O movimento das pálpebras dele já desencadeou uma luta imensa dentro dela entre a necessidade de se manter distante para protegê-lo de si mesma e a vontade enorme de abraçá-lo para permitir que todos o amor que compartilhavam fosse seu apoio. Camuflar a felicidade que a invadiu no momento em que pode mergulhar no azul dos olhos dele a fitando exigiu um esforço sobre-humano. O sorriso que se formou no rosto de Kurt ao vê-a provou que seu disfarce estava longe de ser perfeito.

— Oi. _ foi só o que ela disse. Qualquer outra palavra a mais denunciaria ainda mais suas reais emoções atrapalhando completamente sua resolução de mantê-lo a uma distância emocional e física segura.
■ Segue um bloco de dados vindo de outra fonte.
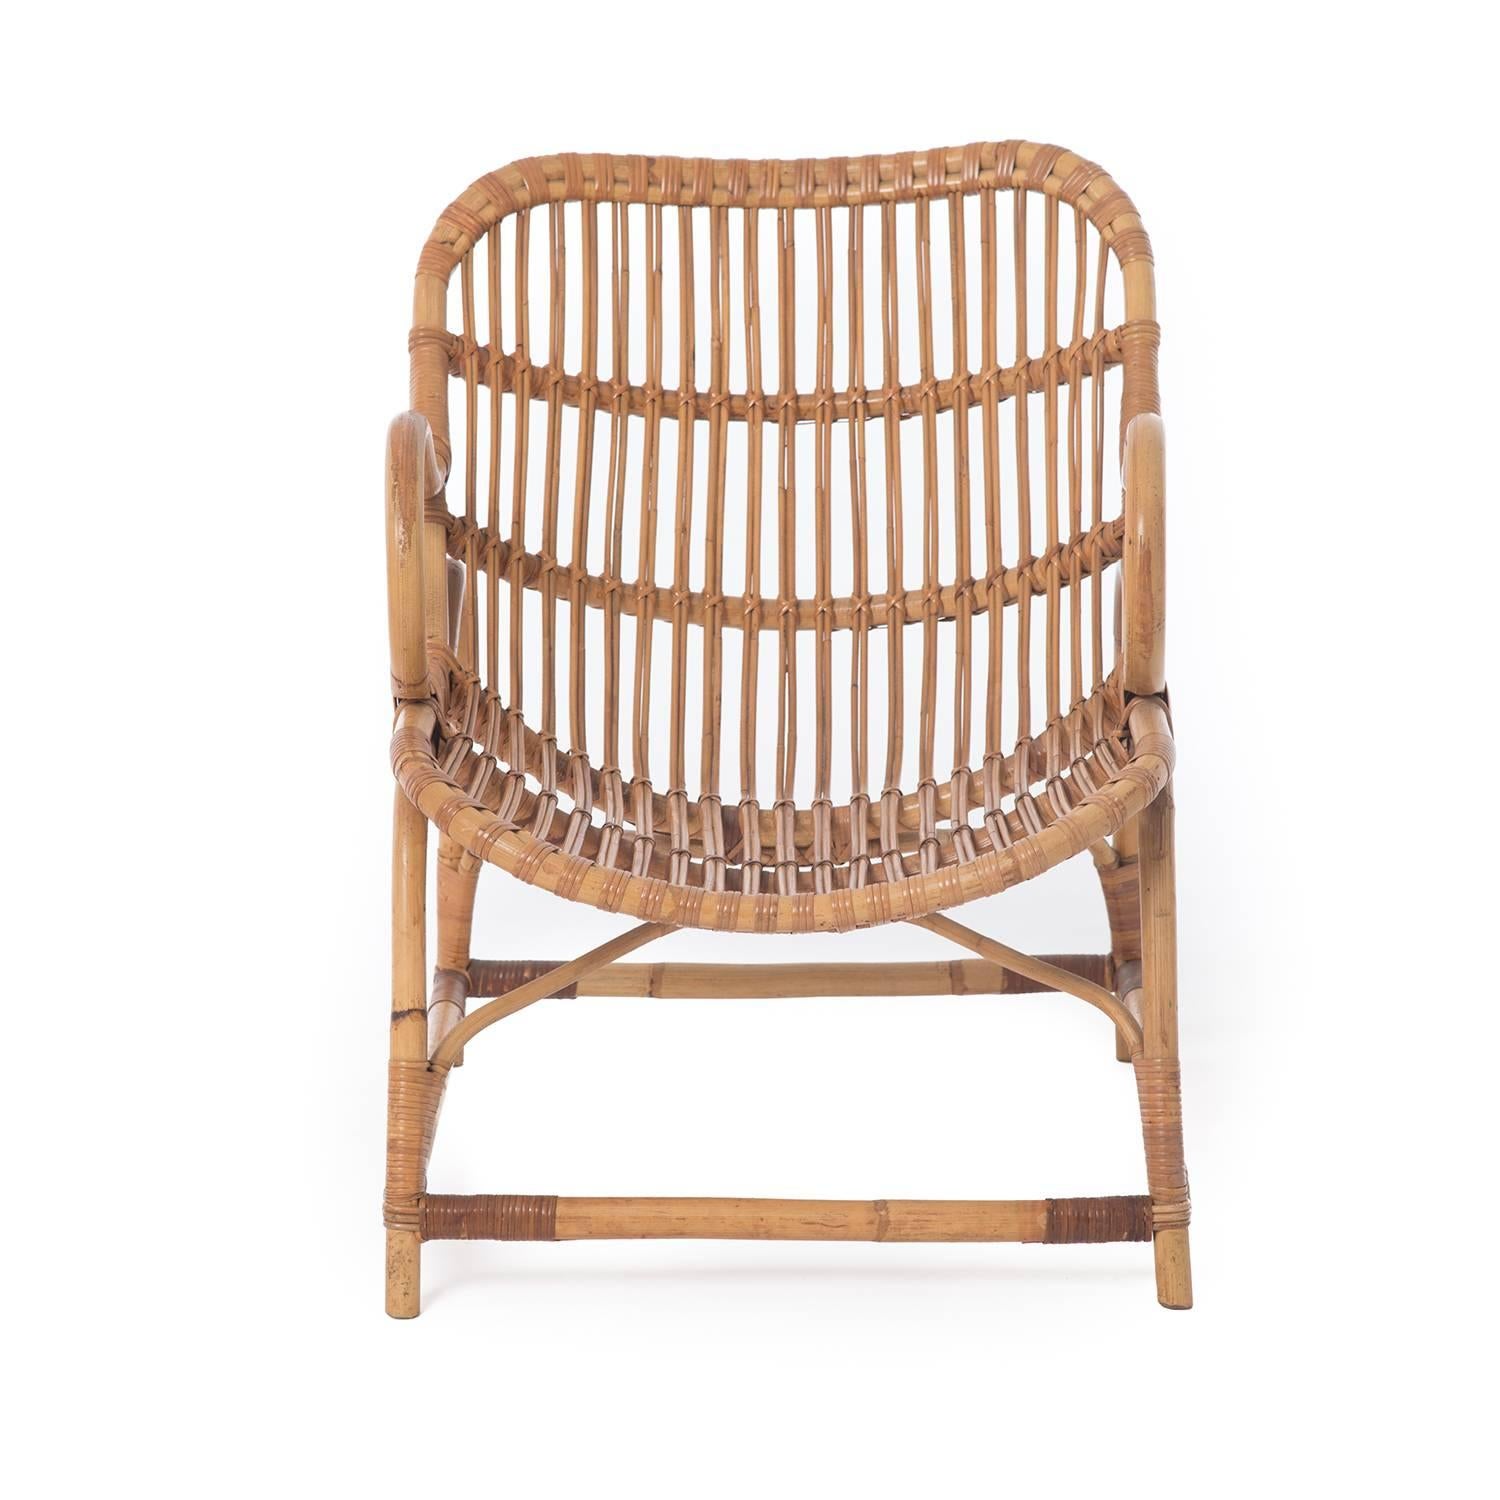 Flemming Lassen wicker chair - sheepskin not included.

Professional, skilled furniture restoration is an integral part of what we do every day. Our goal is to provide beautiful, functional furniture that honors its illustrious past. Our

— Oi _ ele limpou a garganta parecendo incomodado._ O que aconteceu?_ a mão dele se entendeu pra ela pedindo um toque que ela não foi capaz de recusar.

Para poder continuar, Jane buscou fundo em nas memórias de seu treinamento todas as estratégias possíveis para falar de forma objetiva sem a carga emocional que fervia no seu interior:

— Você esteve fora por um bom tempo. Dez dias. Complicações com o tiro. Até pouco mais de uma hora atrás você respirava por aparelhos, por isso o incômodo na garganta. O pior já passou. A recuperação será lenta, mas você vai superar. _ ela disse tudo olhando apenas para a mão dele entrelaçada à dela porque era impossível manter-se distante focando em seu olhar.

— E você, como está?

— Melhor. As medicações atenuaram os efeitos colaterais. Se você estiver se sentindo bem, vou voltar ao SIOC. Tivemos progressos importantes ontem e estamos correndo contra o tempo._ ela se sentiu suja por jogar com argumentos que sabia serem irrefutáveis por ele.

— Estou bem. _ mas sua mão estreitou a aperto em torno da mão dela_ Você tem ido à campo?

— Não. Ainda não. Estou em reabilitação. Mas irei se for preciso. Estamos sem você e sem Tasha.

— Por favor, não exija de você nada em excesso._ a aperto de sua mão se tornou ainda mais firme.

— Eu não tenho escolha, Kurt.

— Logo estarei lá com você. Vamos passar por isso juntos, Jane. _ o calor dessas palavras a envolveu tão forte quanto um abraço. Ela estava perdendo o controle, precisava agir depressa. Suavemente, desvencilhou a mão da dele.

— Eu tenho que ir. _ depositou um beijo rápido na testa dele e saiu sem dar-lhe qualquer oportunidade de continuar.

Assim que Jane deixou o quarto, as lágrimas correram pelo rosto de Kurt. Havia algo essencialmente diferente nela e ele se sentia impotente para ajudá-la. Sua debilidade não permitiu que ele ficasse acordado por muito tempo e o sono seria seu principal apoio nos muitos dias que sua recuperação tinha pela frente.

Cada uma das lágrimas que insistiu em brotar nos olhos de Jane foi violentamente recusada. Ela não cederia agora. Não com algo tão precioso quanto a vida de Kurt em jogo.